A recent Cochrane review found that intrathecal hyperbaric bupivacaine had a more rapid onset of sensory blockade at the 4th thoracic vertebra (T4) level than isobaric bupivacaine. However, the overall quality of evidence for most outcomes is low or very low according to the GRADE method. Various advantages of isobaric and hyperbaric bupivacaine have been described, but no definitive evidence exists to recommend one form over the other.

References

1. Wildsmith JAW, McClure JH, Brown DT, Scott DB. Effects of posture on the spread of isobaric and hyperbaric amethocaine. Br J Anaesth. 1981 Mar;53(3):273-8.

2. Greene NM. Distribution of Local Anesthetic Solutions within the Subarachnoid Space.
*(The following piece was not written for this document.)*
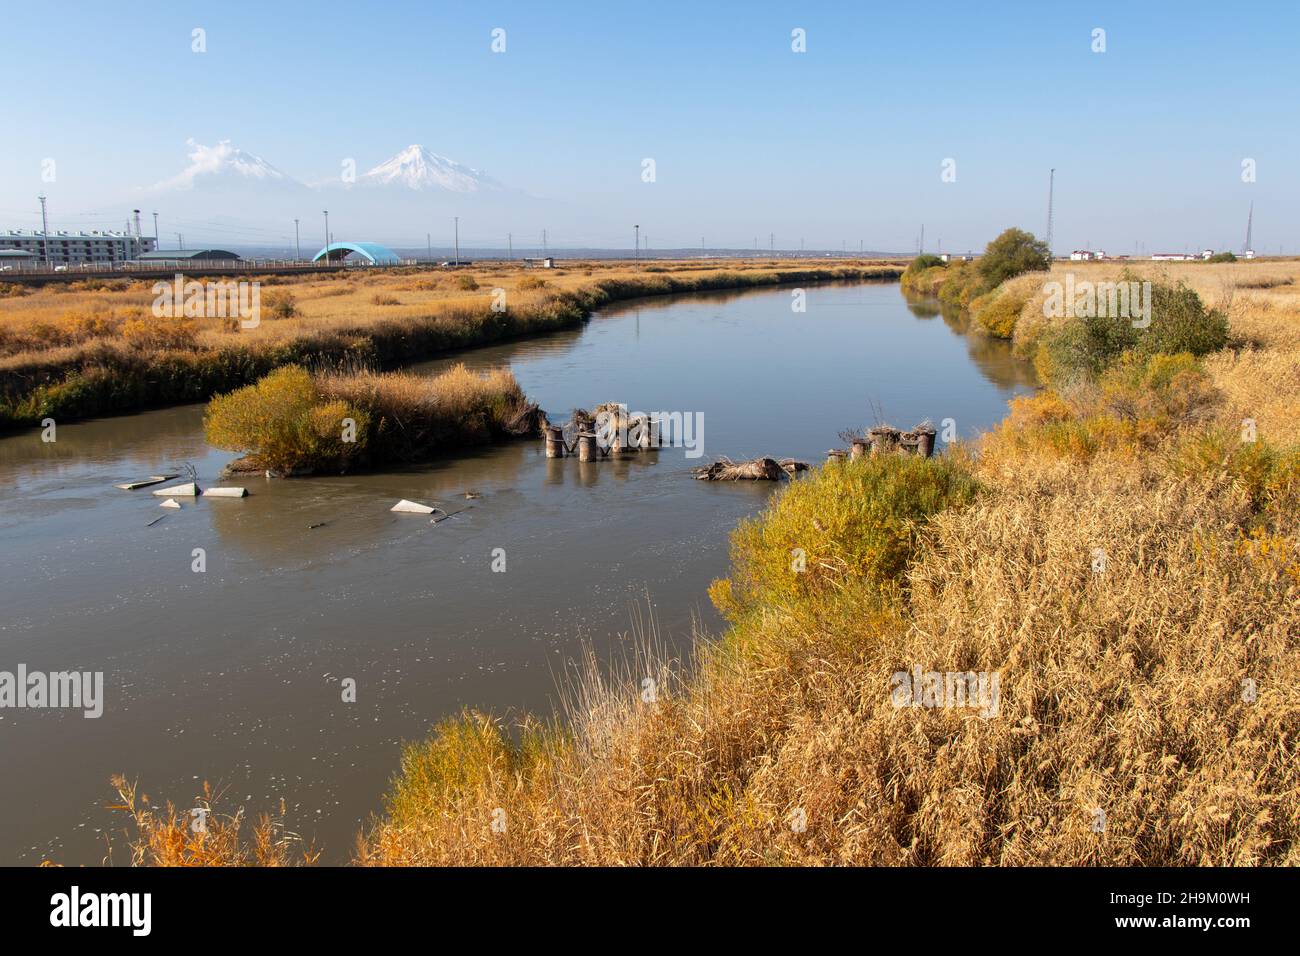 Aras river between Nakhchivan and Turkey. The famous river of Aras Stock Photo

Anesthesia & Analgesia. 1985 July;64(7):715-730. 

3. Helill SE, Sahile WA, Abdo RA, Wolde GD, Halil HM. The effects of isobaric and hyperbaric bupivacaine on maternal hemodynamic changes post spinal anesthesia for elective cesarean delivery: A prospective cohort study. PLOS ONE 2019;14(12):e0226030. 
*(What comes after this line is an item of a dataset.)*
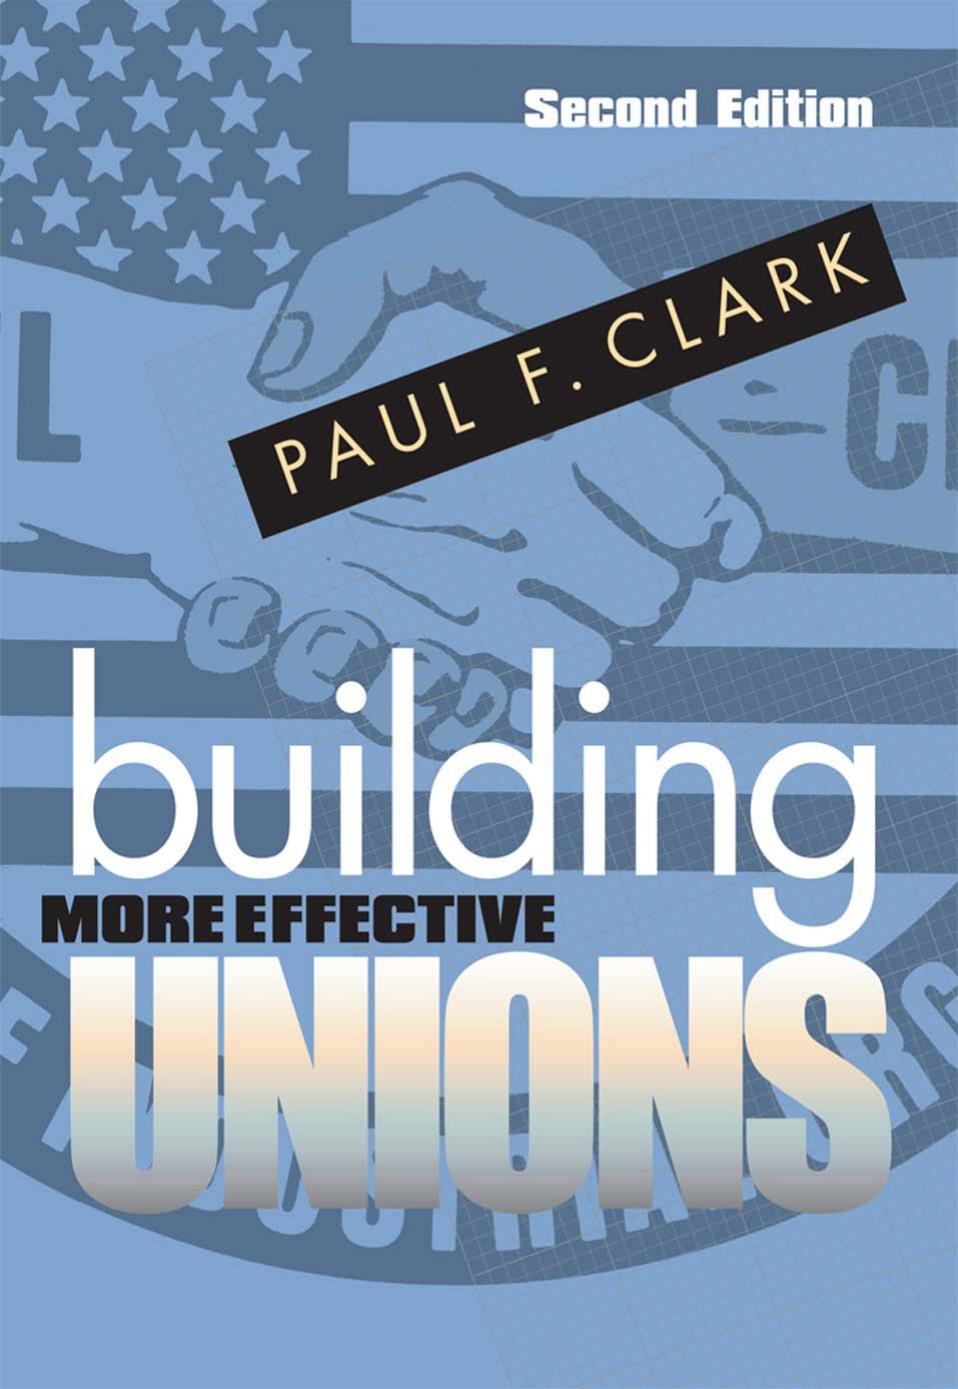 Building More Effective Unions by by Paul F. Clark

4. Uppal V, Retter S, Shanthanna H, Prabhakar C, McKeen DM. Hyperbaric Versus Isobaric Bupivacaine for Spinal Anesthesia: Systematic Review and Meta-analysis for Adult Patients Undergoing Noncesarean Delivery Surgery. Anesthesia & Analgesia 2017;125(5):1627-1637. 

5. Sng BL, Siddiqui FJ, Leong WL, Assam PN, Chan ES, Tan KH, Sia AT. Hyperbaric versus isobaric bupivacaine for spinal anaesthesia for caesarean section. Cochrane Database Syst Rev. 2016 Sep 15;9(9):CD005143.  

6. Solakovic N. Comparison of hemodynamic effects of hyperbaric and isobaric bupivacaine in spinal anesthesia. Med Arh. 2010;64:11–14. 

7. Muralidhar V, Kaul HL. Comparative evaluation of spinal anaesthesia with four different bupivacaine (0.5%) solutions with varying glucose concentrations. J Anaesthesiol Clin Pharmacol. 1999;15:165–168.